We performed a systematic analysis of 23 preprocessing strategies applied to six large-scale glycomics cohorts across three platforms, with measurements ranging from a single protein and single glycosylation site (LC-ESI-MS), to total plasma N-glycome (MALDI-FTICR-MS). The observed normalization ranking was consistent across platforms; overall, the Probabilistic Quotient appeared to be the most reliable method, as all variations of this procedure ranked consistently in the top performers in all cohorts and across platforms. Log-transformation and normalization per IgG subclass or per total IgG did not seem to significantly affect the ability of this method to correctly retrieve the glycan synthesis pathway. Interestingly, while Total Area normalization did not rank high in comparison to other methods (as expected), the log-transformed Total Area preprocessing was a well-performing method. In fact, TA Probabilistic Quotient was among the best performing approaches overall, suggesting that additional transformations on TA normalized data can neutralize the constraints imposed on the data correlation structure, as shown in Dieterle et al. [

36].

One interesting finding was the substantial difference of the evaluation results between MS- and UHPLC-based platforms: While for MS, most normalization approaches performed comparably, the variance among the considered strategies was considerable for UHPLC. The origin of this discrepancy is not easy to trace, but it could be due to the fact that UHPLC does not separate glycans according to their mass, like MS-based techniques do, but according to their chemical and physical properties. This leads most chromatographic peaks to represent a mixture of glycan structures. Although it has been shown that there is a predominant structure in the vast majority of IgG chromatographic peaks [

31], this contamination is likely to make the data correlation structure noisier and thus more sensitive to different normalizations. Moreover, it is expected to affect the comparison to the biological reference, which does not account for any structure mixture.
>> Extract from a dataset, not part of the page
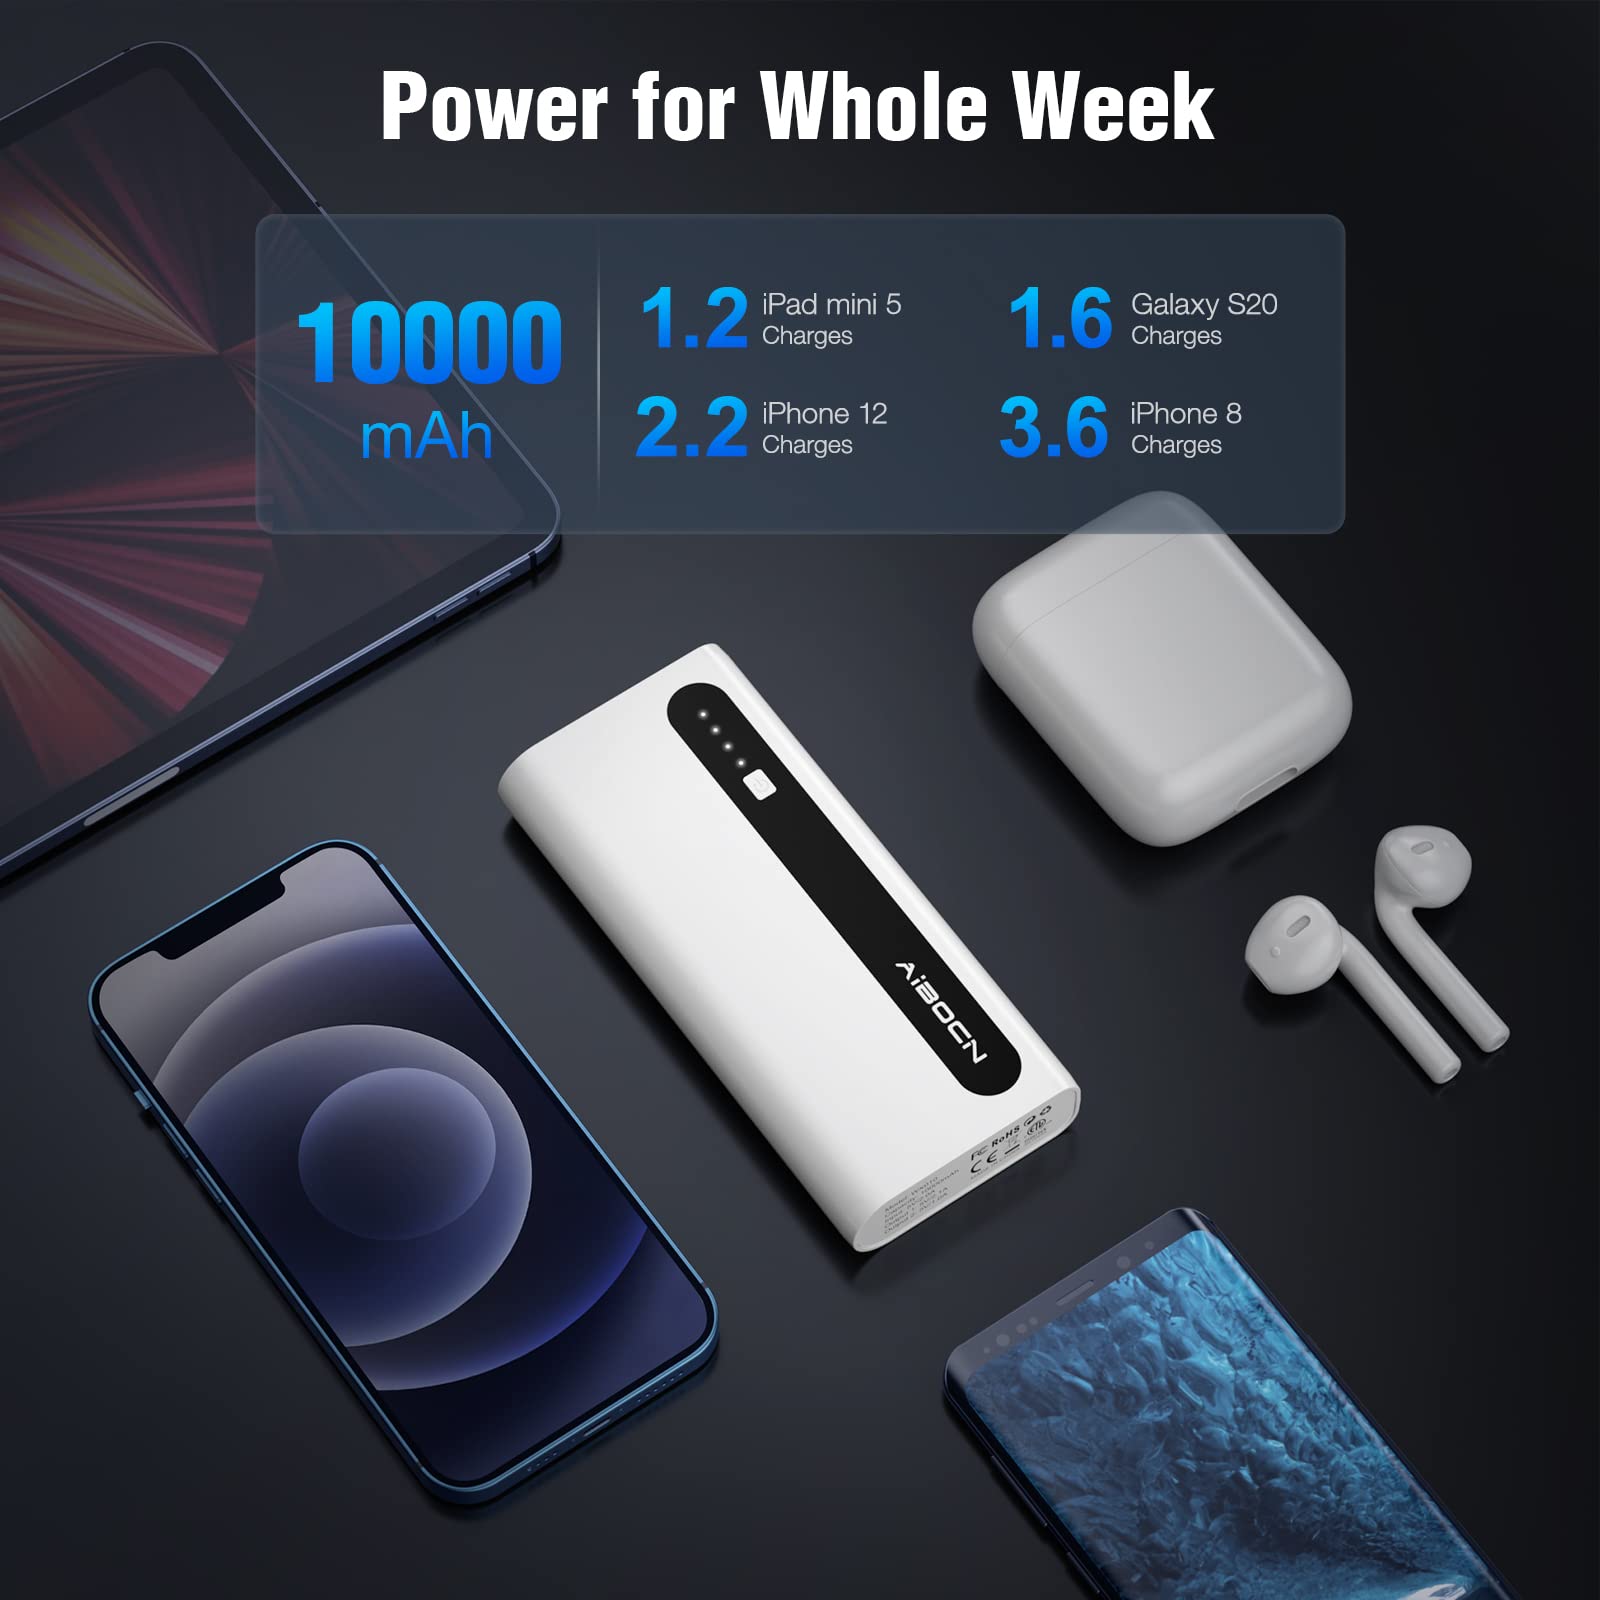 Aibocn Power Bank 10,000mAh Phone Portable Charger with Flashlight (White+Black)

While our results seem to suggest that log-transformation does not significantly affect performance, it should be considered that data normality is an assumption for many other statistical tests and approaches, and thus we still recommend to always log-transform omics data after normalization.

To assess how our approach compares to a more common normalization evaluation strategy, we ranked the preprocessing methods based on how strongly the normalized abundances associated with age. Consistent with our network-based results, Probabilistic Quotient-based approaches clearly outperformed all other methods.

The network approach described in this paper could be employed to evaluate normalization strategies in other types of mass-flow data, e.g., metabolomics data. Moreover, we could extend this approach to evaluate other preprocessing steps. For example, it has already been shown that, for untargeted metabolomics data, different missing value imputation strategies have a prominent impact on the results of the downstream analysis [

46]. We could investigate whether the same holds for glycomics data and quantitatively evaluate the performance of each strategy. Similarly, our framework could be applied to the evaluation of batch correction approaches, which aim at reducing the technical variation due to samples being measured at different times.

In conclusion, we recommend normalizing glycan data with the Probabilistic Quotient normalization followed by log-transformation. This technique was robust and reliable regardless of the measurement platform.